An einem tatsächlich futuristischen Projekt arbeitet das Zentrum für Nanotechnik an der Universität Tel Aviv. Gemeinsam mit europäischen Foschungseinrichtungen versuchen sie dort, eine Maschine zu entwerfen, die auf Knopfdruck aus Stammzellen das Gewebe des gewünschten Organs wachsen lässt. Leber kaputt? Ein Knopfdruck und das Ersatzorgan wächst. Das ganze Projekt ist ein gutes Beispiel für das Verschwimmen der Grenze zwischen Nano- und Biotechnologie, dem zweiten Hoffnungsträger für Israels Hightech-Zukunft. Ein Feld, angesichts dessen deutsche Forscher neidvoll auf Israel schauen: Das Klonen von embryonalen Stammzellen ist hier nicht verboten. Entsprechend kommen viele der Stammzellenlinien, mit denen weltweit geforscht wird, aus Israel.
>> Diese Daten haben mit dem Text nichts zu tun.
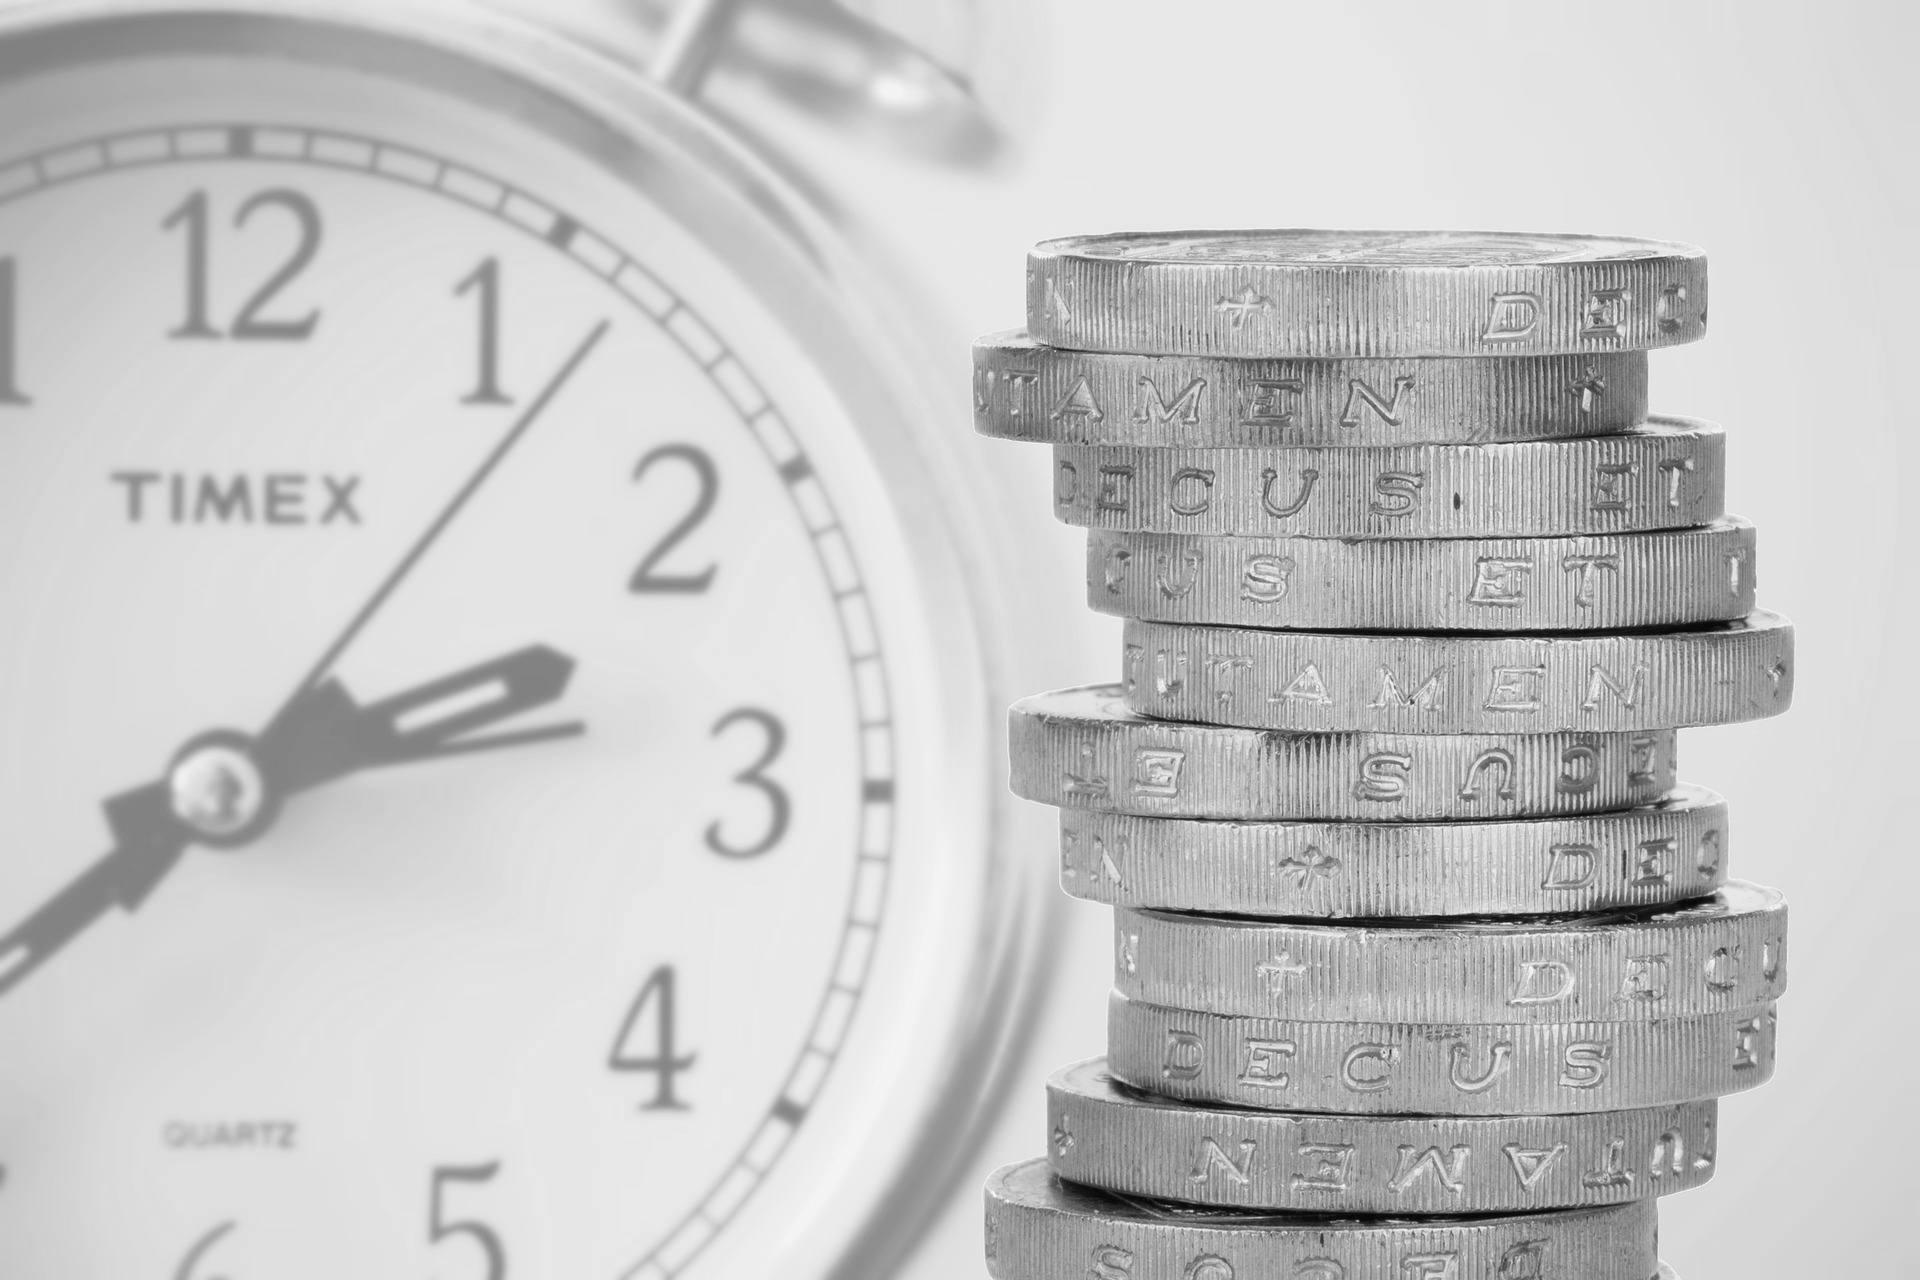 Die bessere Möglichkeit Geld zu investieren? 10 Alternativen zur Aktie

Daniel Mandler glaubt allerdings nicht an schnell verwertbare Erfolge seiner Forschung. Da würden mindestens fünf, eher zehn Jahre vergehen. Der Boom der Neunziger wird sich also kaum wiederholen. Damals war der Erfolg so einseitig auf Hightech-Exporte ausgerichtet, dass auf dem weltweiten Einbruch in dieser Branche fast nichts mehr übrig blieb. Zusammen mit den ausbleibenden Touristen ließ der Crash das Pro-Kopf-Einkommen fast auf den Stand von Anfang der neunziger Jahre zurückfallen, nie gab es mehr Arbeitslose in Israel.

Entsprechend warnt Manuel Trajtenberg, Professor für Ökonomie an der Tel Aviver Universität und Aufsichtsratsmitglied in einem Hightechunternehmen, sein Land davor, einfach auf die nächste Spitzentechnologie zu setzen. Bereits der letzte Boom sei an ganzen Sektoren der Gesellschaft vorbeigegangen, insbesondere an israelischen Arabern, Ultraorthodoxen und strukturschwachen Regionen. Außerdem seien die israelischen Unternehmen in der Regel zu klein, um z.B. in der Biotechnologie erfolgreich zu sein, denn um neue Medikamente auf den Markt zu bringen, sind aufwändige Test- und Genehmigungsverfahren nötig.

Solche Warnungen werden freilich die israelischen Wissenschaftler nicht daran hindern, weiter an der Weltspitze mitzuspielen, und die Israelis nicht daran, vom nächsten Hightechwunder zu träumen.